Las tasas de fotogramas afectan significativamente la fluidez, la capacidad de respuesta y la inmersión del usuario en el renderizado en tiempo real en aplicaciones 3D. Las tasas más altas mejoran la fluidez visual y la interacción, mientras que las tasas más bajas a menudo causan problemas de rendimiento.

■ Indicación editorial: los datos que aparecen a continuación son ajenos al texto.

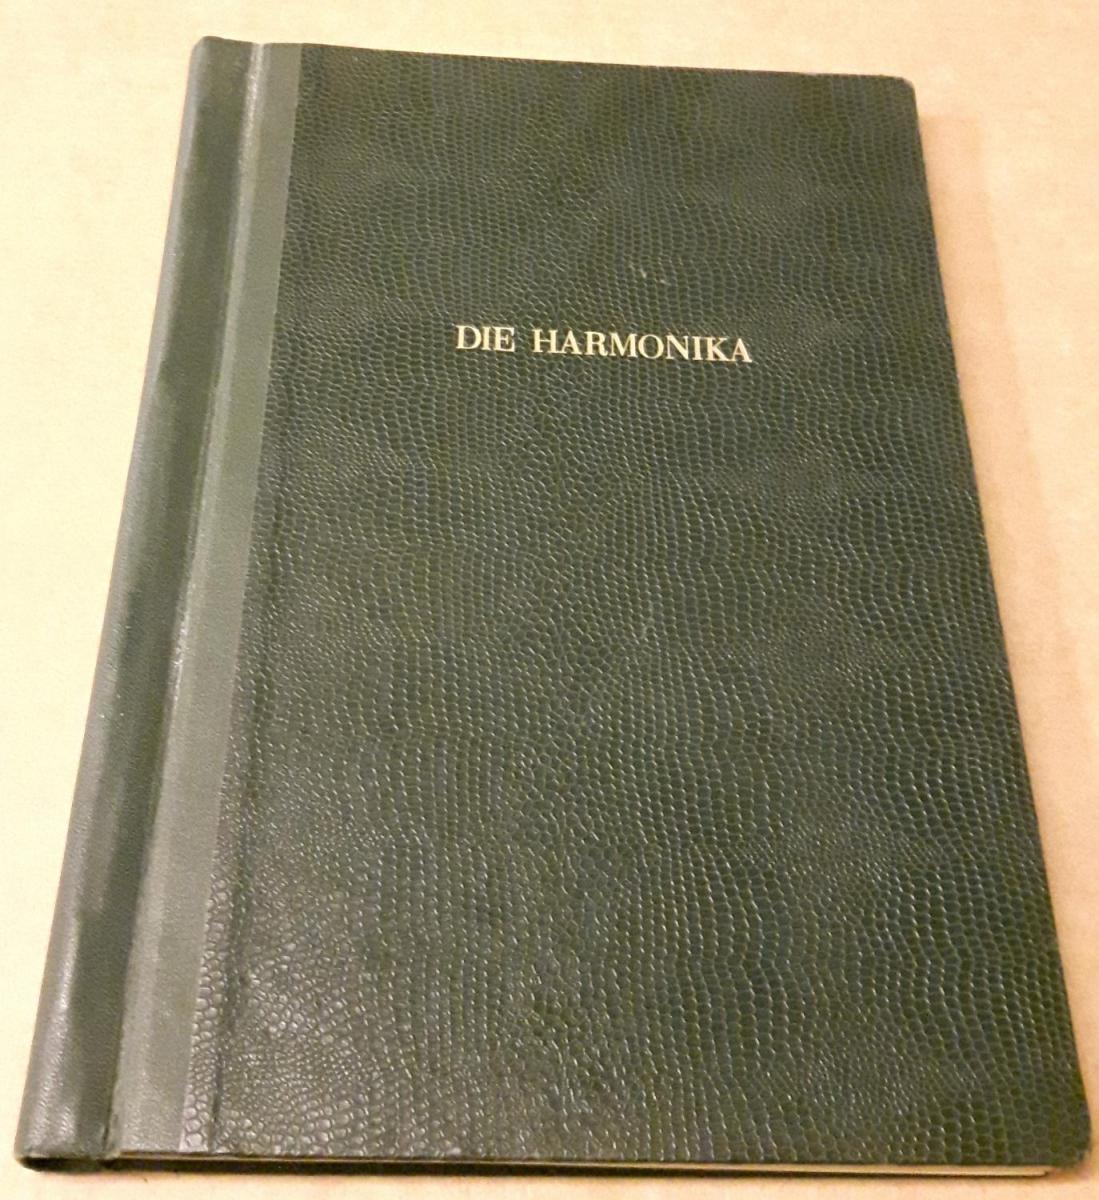 Die Harmonika - Monatsschrift für die Freunde der Harmonika / 18. Jahrgang 1953 KOMPLETT (10 Einzelhefte) in der Original HOHNER-KLEMM-SAMMELMAPPE (Kl. SaMa 1) vorhanden - Die einzelnen Zeitschriften sind reich bebildert und zeittypisch im Stil der 195... 0
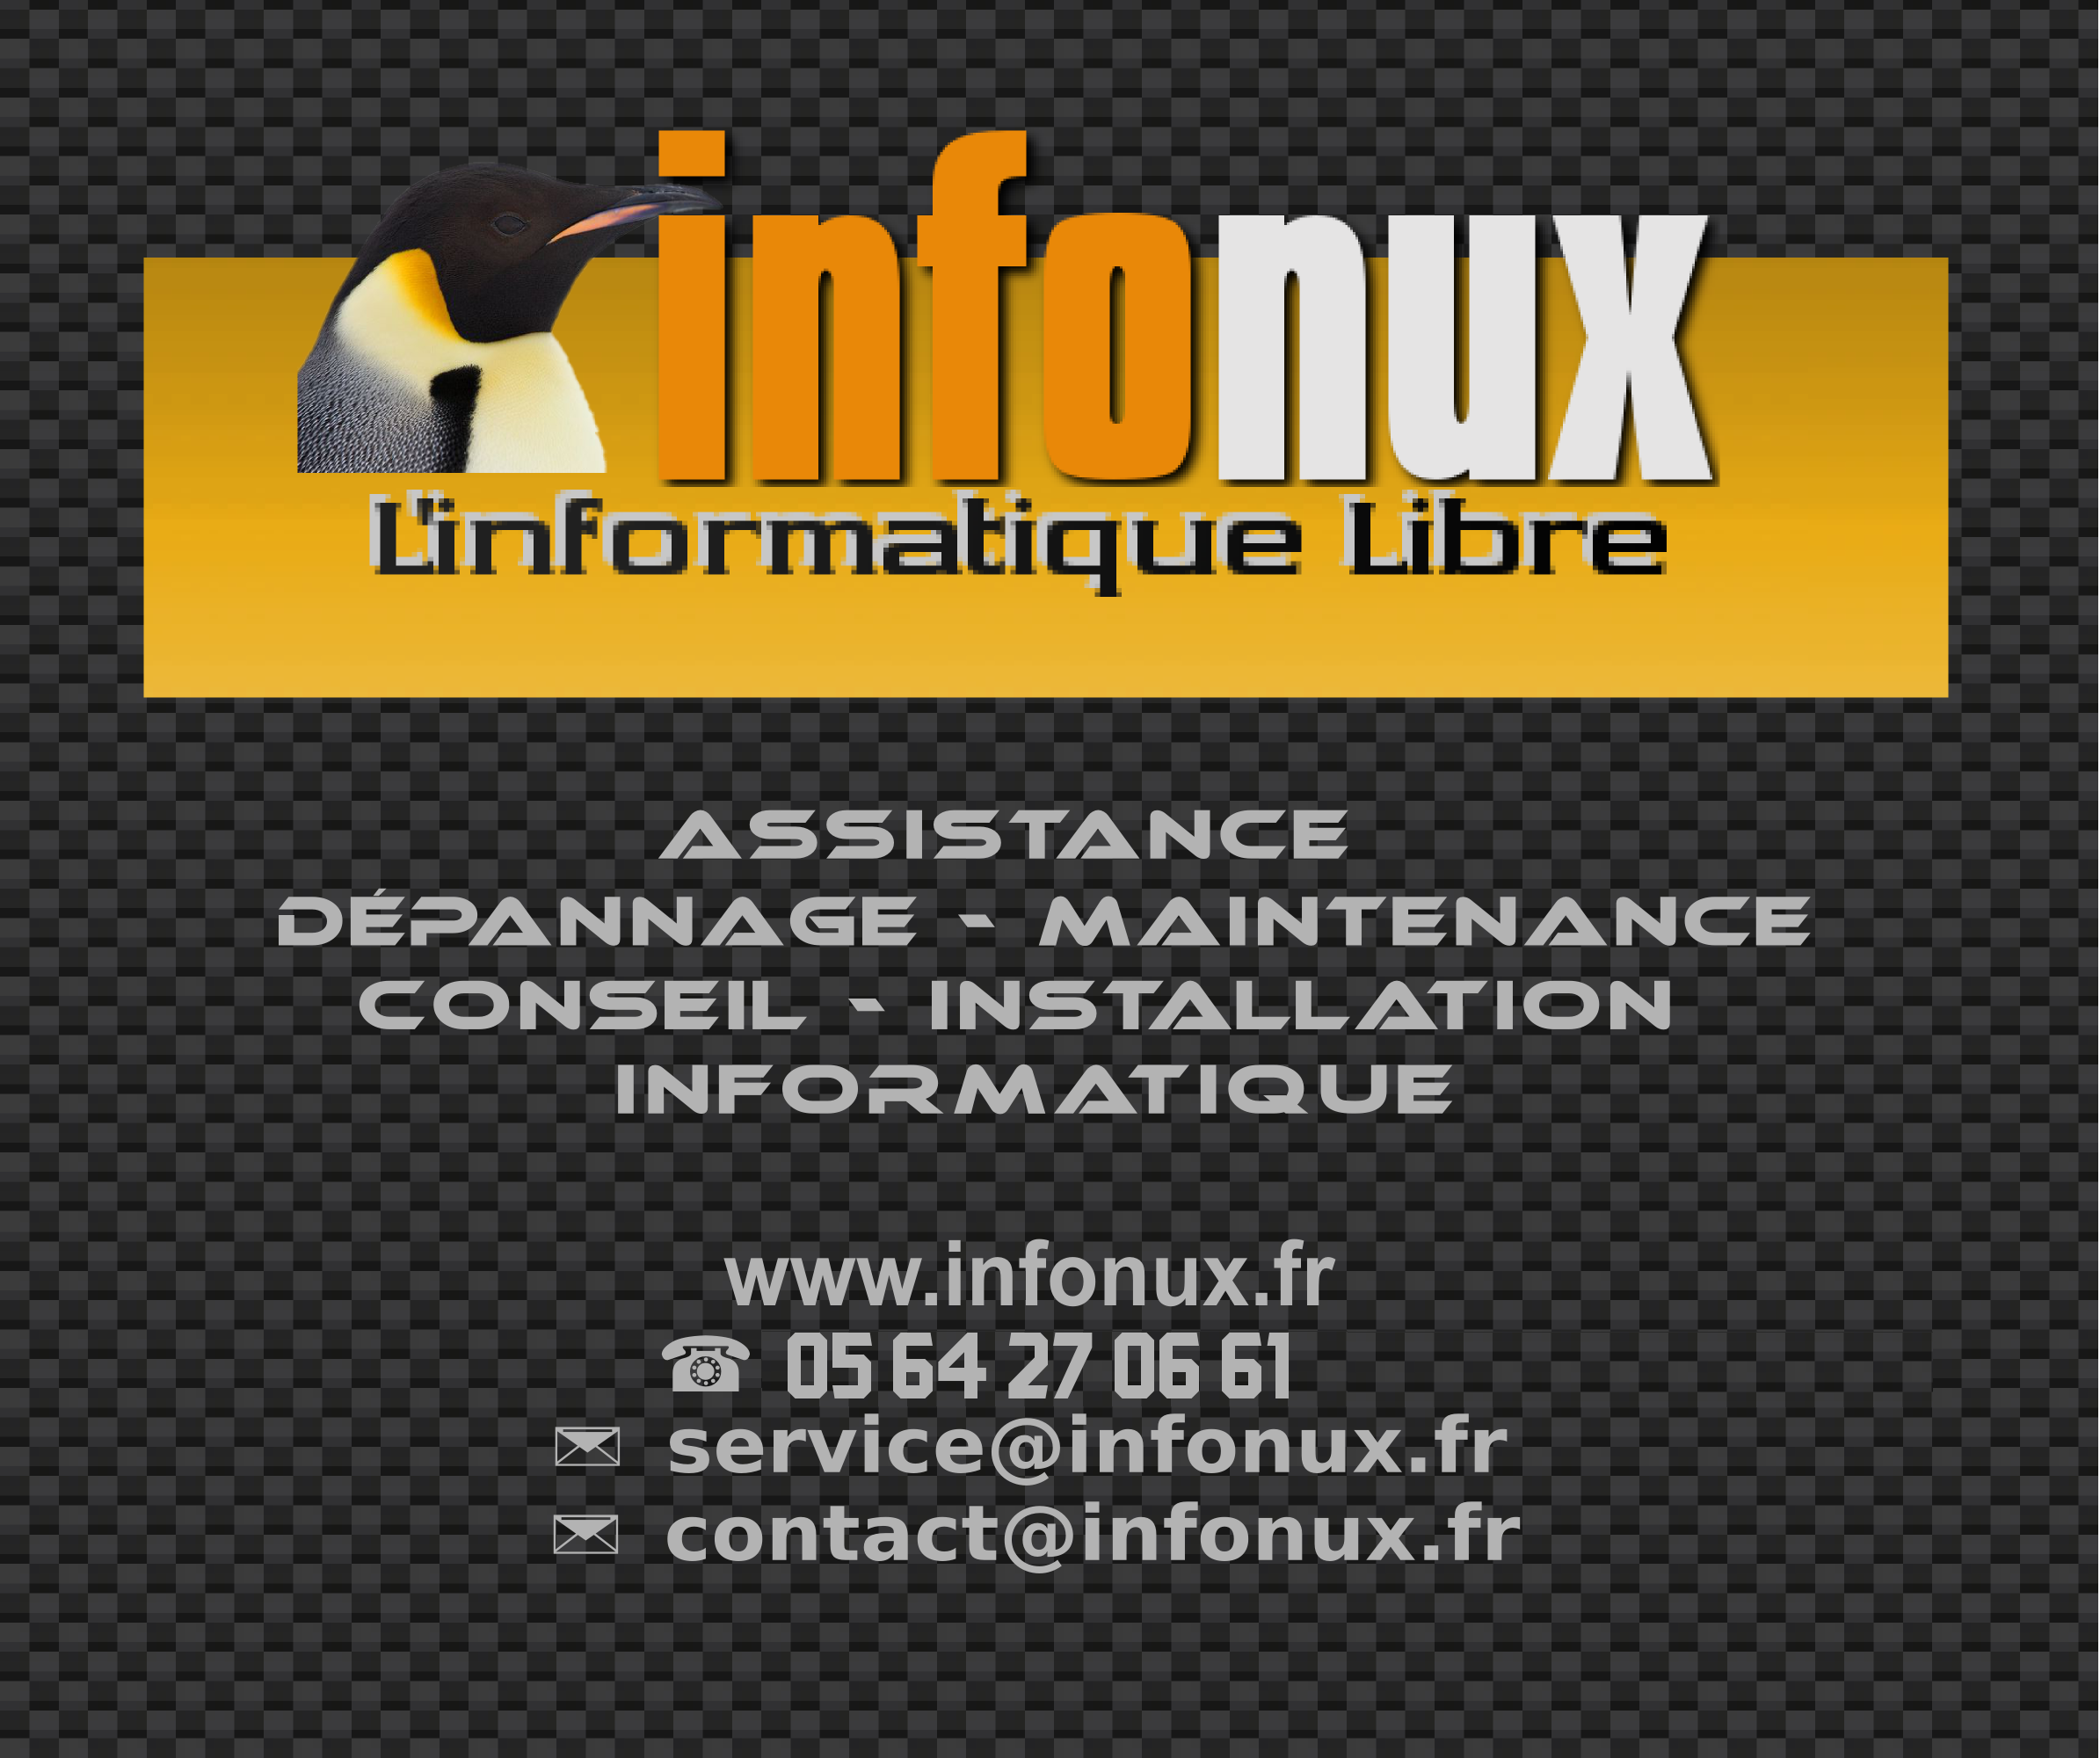 INFONUX  Assistance et Dépannage Morlaas informatique. Installation Site WEB

- **Sueltez**: Las tasas de fotogramas más altas (por ejemplo, 60 FPS o más) ofrecen un movimiento sin interrupciones, reduciendo el tartamudeo y el desenfoque del movimiento. Esto es fundamental para las aplicaciones 3D de ritmo rápido, como juegos o simulaciones. - **Respuesta**: Las tasas de fotogramas más rápidas minimizan el retraso de entrada, haciendo que las acciones del usuario (por ejemplo, controles de la cámara, manipulación de objetos) se sientan más inmediatas. - **Inmersión**: Las tasas de fotogramas más bajas (por debajo de 30 FPS) alteran el realismo, ya que los visuales entrecortados rompes la sensación de presencia del usuario, especialmente en VR o entornos 3D interactivos.
Las tasas de fotogramas óptimas (30-60 FPS, dependiendo del caso de uso) equilibran el rendimiento y la experiencia, asegurando que las aplicaciones 3D en tiempo real se sientan fluidas y receptivas.